As discussed earlier, messages sent to a WebSphere MQ queue using JMS include additional header information. Unfortunately, the .NET Framework does not understand this information. Therefore, if you want to send messages to a .NET Framework application, your Java client should use the native WebSphere MQ API or, if using JMS, set the target client to MQ.
In addition, because the WebSphere MQ API does not serialize messages that Java clients place into the queue, the Java client needs to serialize the object into XML format before sending it. You can accomplish this using the techniques in Chapter 3, “Interoperability Fundamentals.” This ensures that the .NET Framework client can de-serialize the XML formatted message it receives back into an object.
There are several requirements for implementing the MSMQ-MQSeries Bridge. This section provides an overview of these requirements, and the architecture required to set up the bridge.
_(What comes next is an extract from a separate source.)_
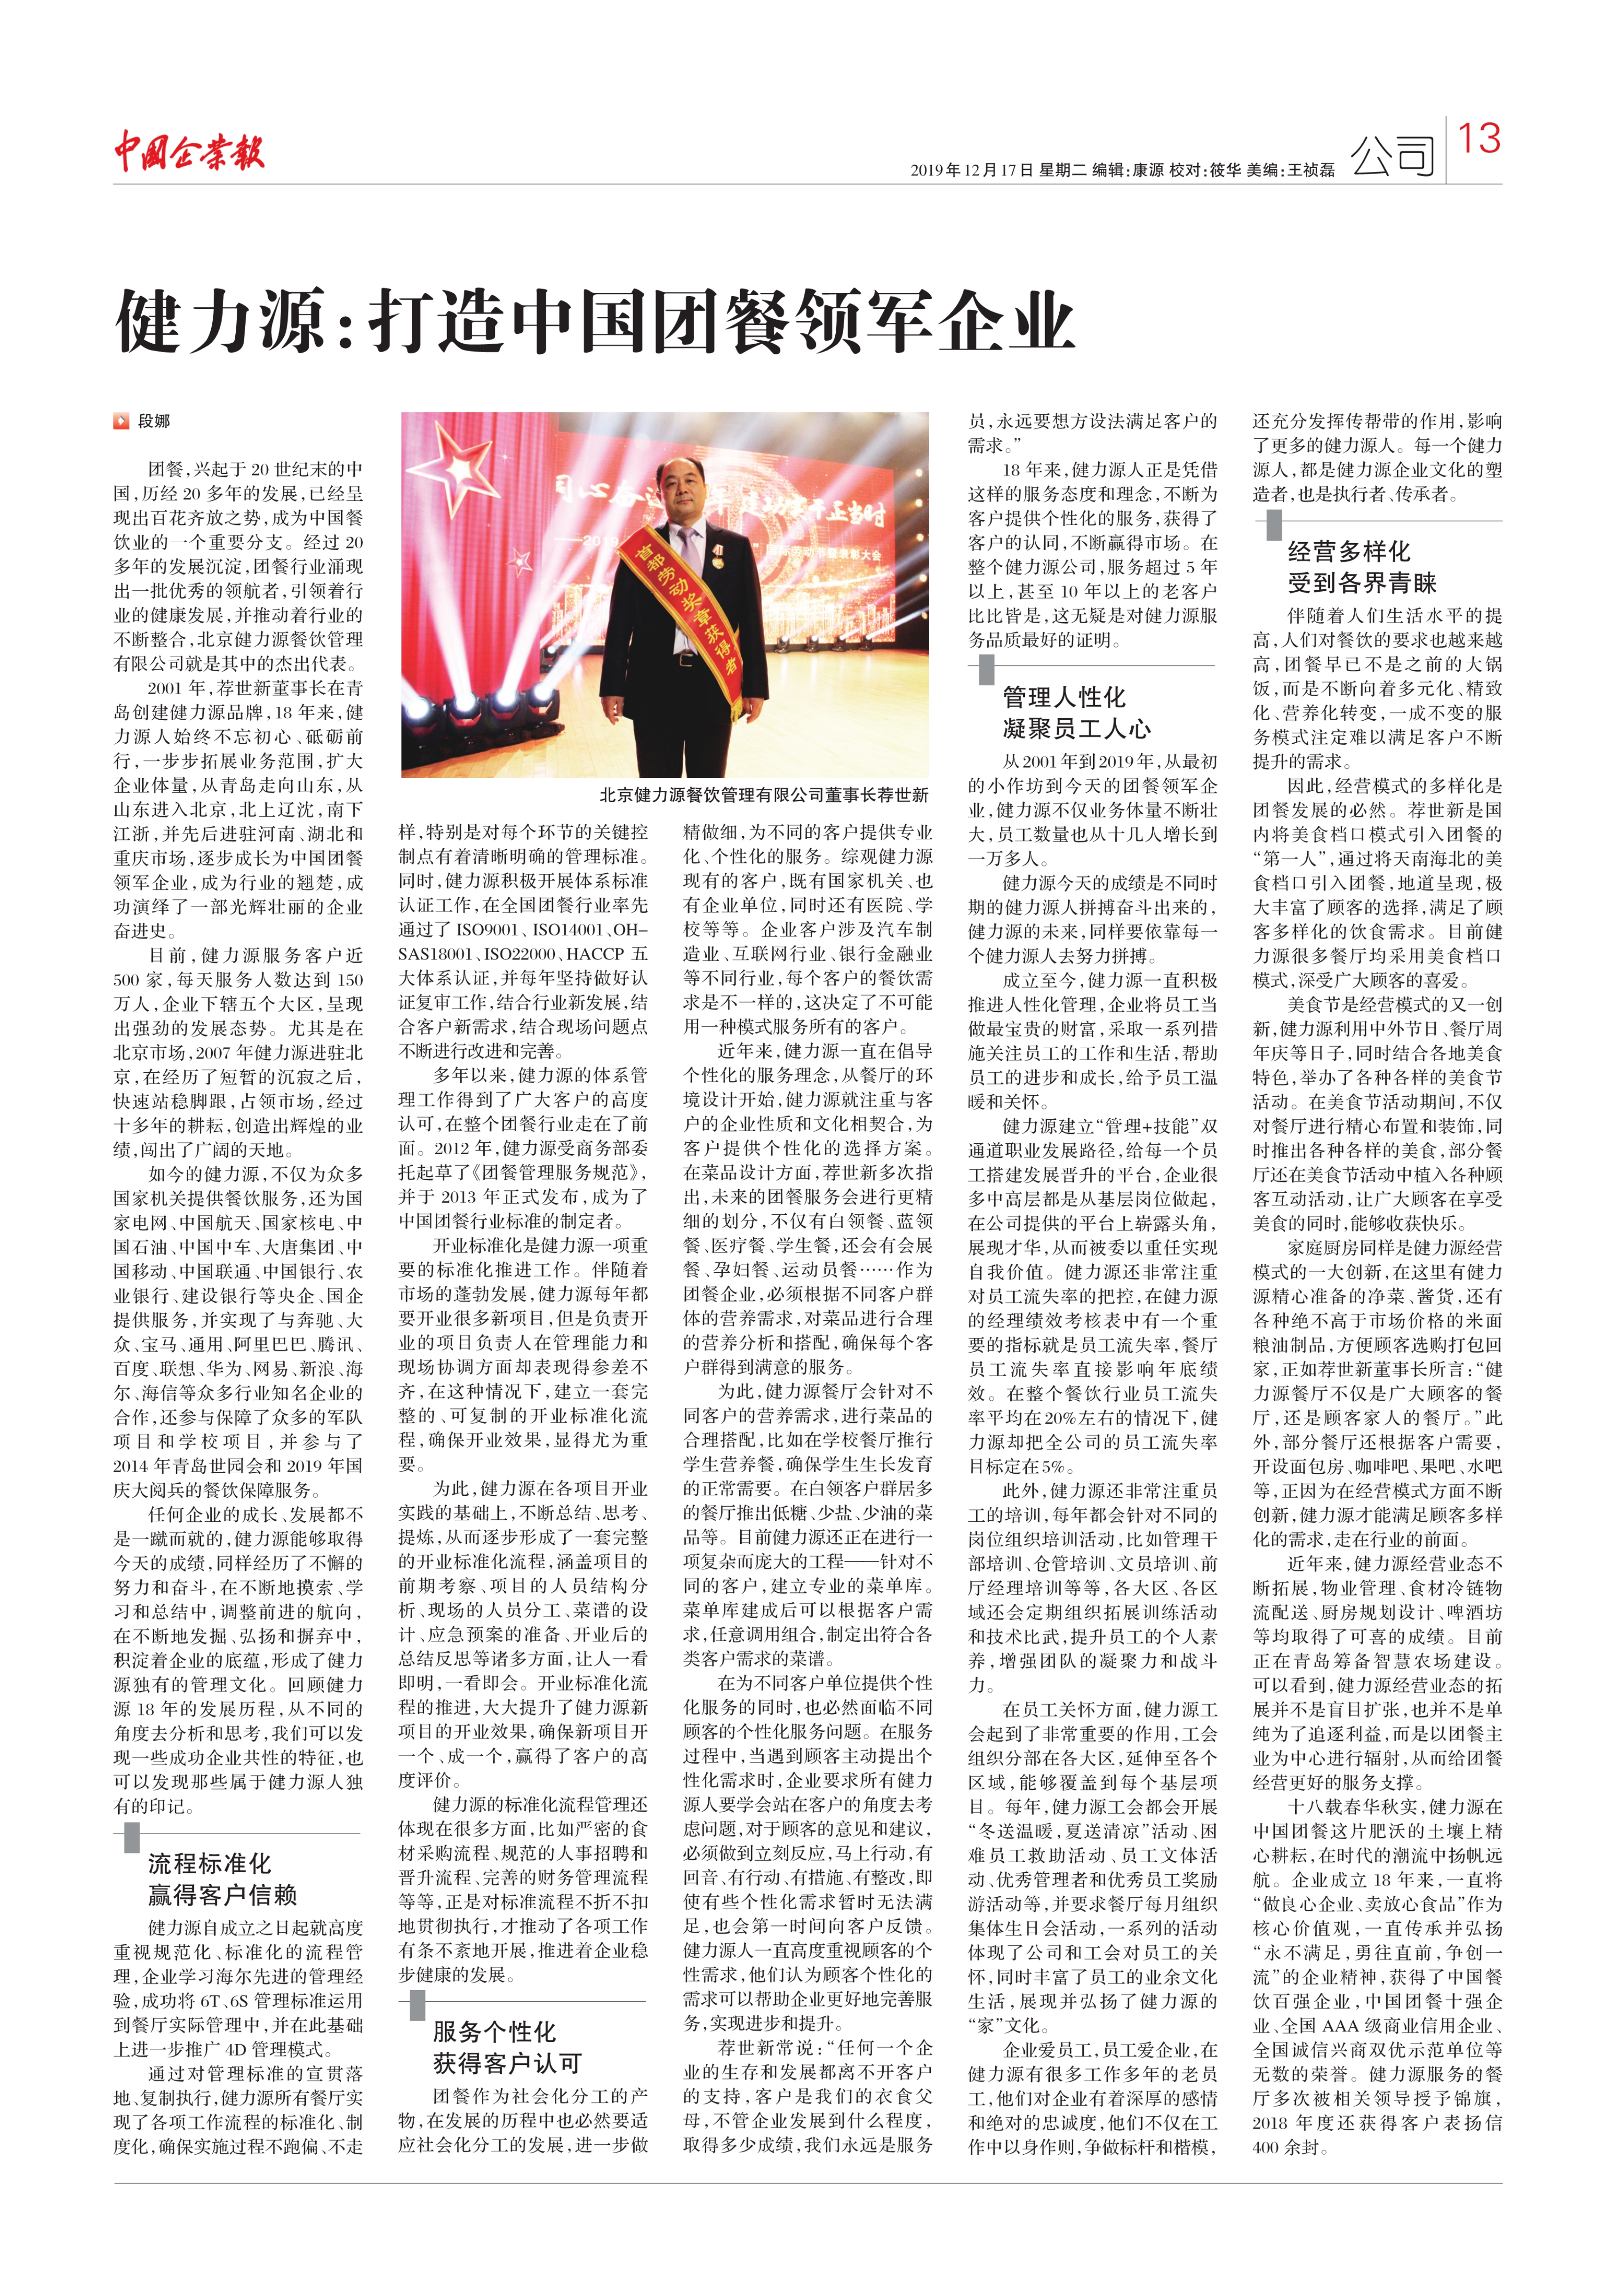 中国企业报——“aoa官方入口：打造中国团餐领军企业”

For detailed instructions about setting up and configuring the bridge, consult the HIS 2000 product documentation.
The MSMQ-MQSeries Bridge requires an instance of Microsoft Active Directory to be in place to function properly. This dependency springs from how the MSMQ MQSeries Bridge works.
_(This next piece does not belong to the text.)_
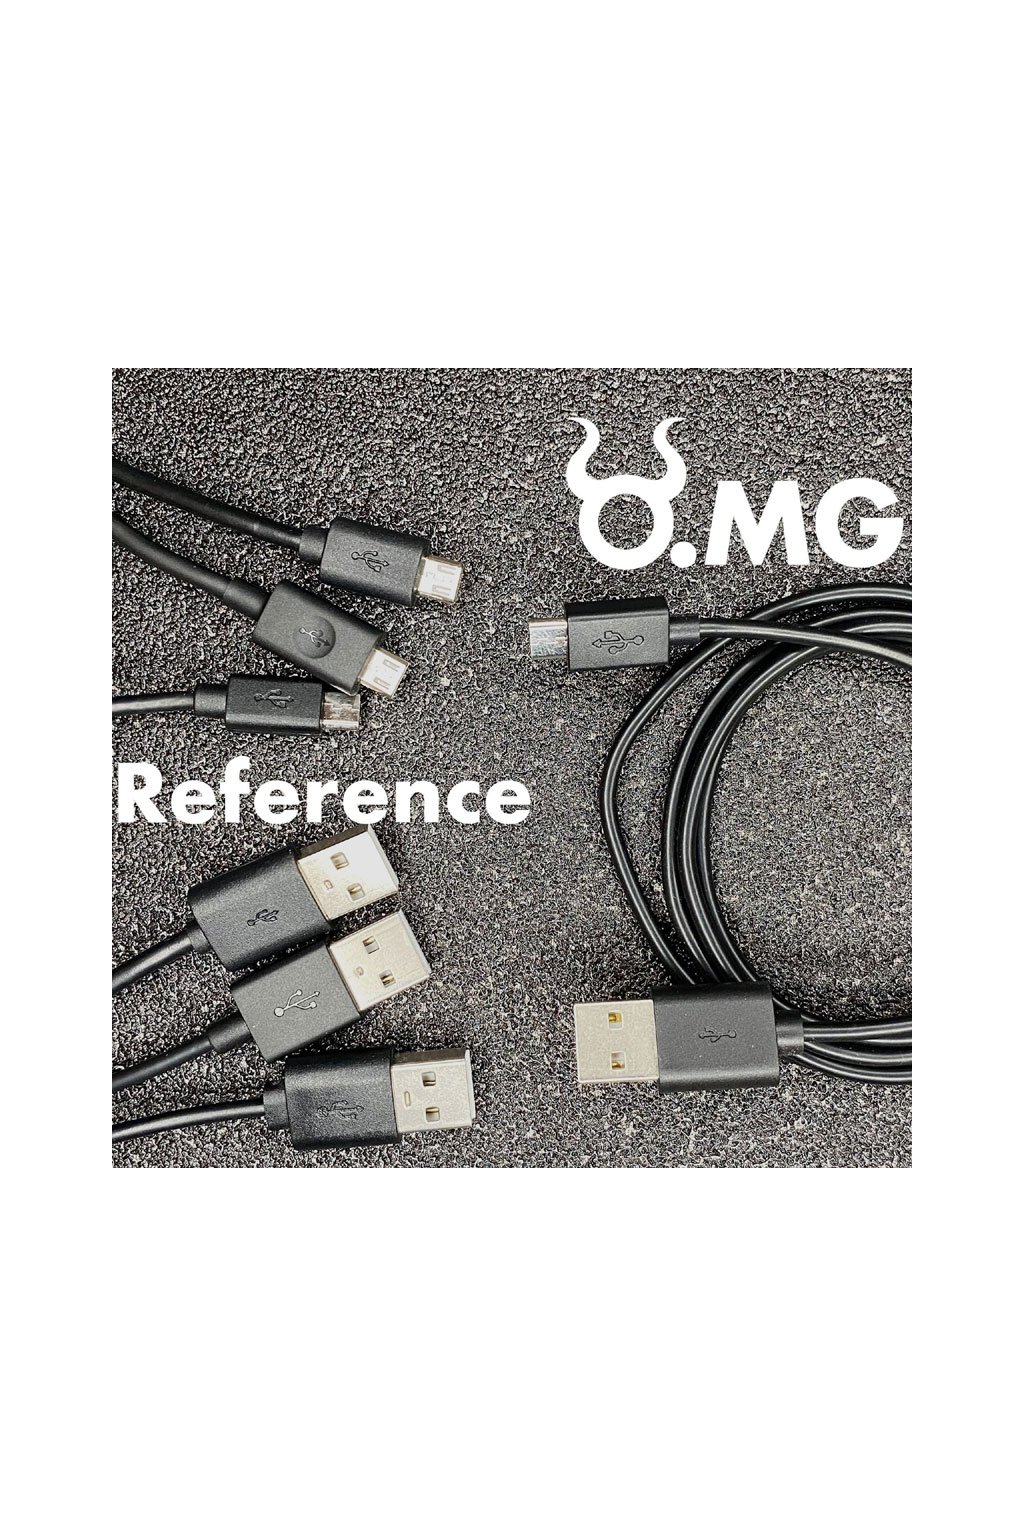 O.MG Cable - Hak5

From MSMQ to WebSphere MQ, the MSMQ-MQSeries Bridge picks up messages from public queues published in Active Directory. These queues exist in a defined foreign site. The bridge then delivers the messages to a nominated queue on WebSphere MQ.
The reverse path involves the bridge picking up messages from the nominated WebSphere MQ queue and delivering them to a public MSMQ queue. Because you can only define foreign sites and public queues in Active Directory, operation of the bridge requires that you have Active Directory installed and configured.
You install the MSMQ-MQSeries Bridge on a computer running Windows 2000 or Windows Server 2003 that acts as a connection point between the networks. You must install a MSMQ routing server on the same computer as MSMQ-MQSeries Bridge, and this computer must be able to connect by a TCP/IP or LU 6.2 link to an MQSeries Queue Manager.
You must install WebSphere MQ on a Windows server to use the bridge to connect to MSMQ. This could be seen as a complicating factor if your existing WebSphere MQ implementation is on another operating system. One of the reasons for this requirement is to ensure that authentication works by enabling the computer hosting WebSphere MQ to participate in the same Active Directory forest. However, you can work around this issue by setting up a computer running Windows and WebSphere MQ, installing the bridge component, and configuring that computer to link automatically to the queues in your existing non-Windows environment.
In a test environment, you could run the MSMQ-MQSeries Bridge on the same computer as WebSphere MQ. However, this is not recommended in production. The computer running the bridge must either be a member server in an Active Directory domain (production environments) or a domain controller (test environments only).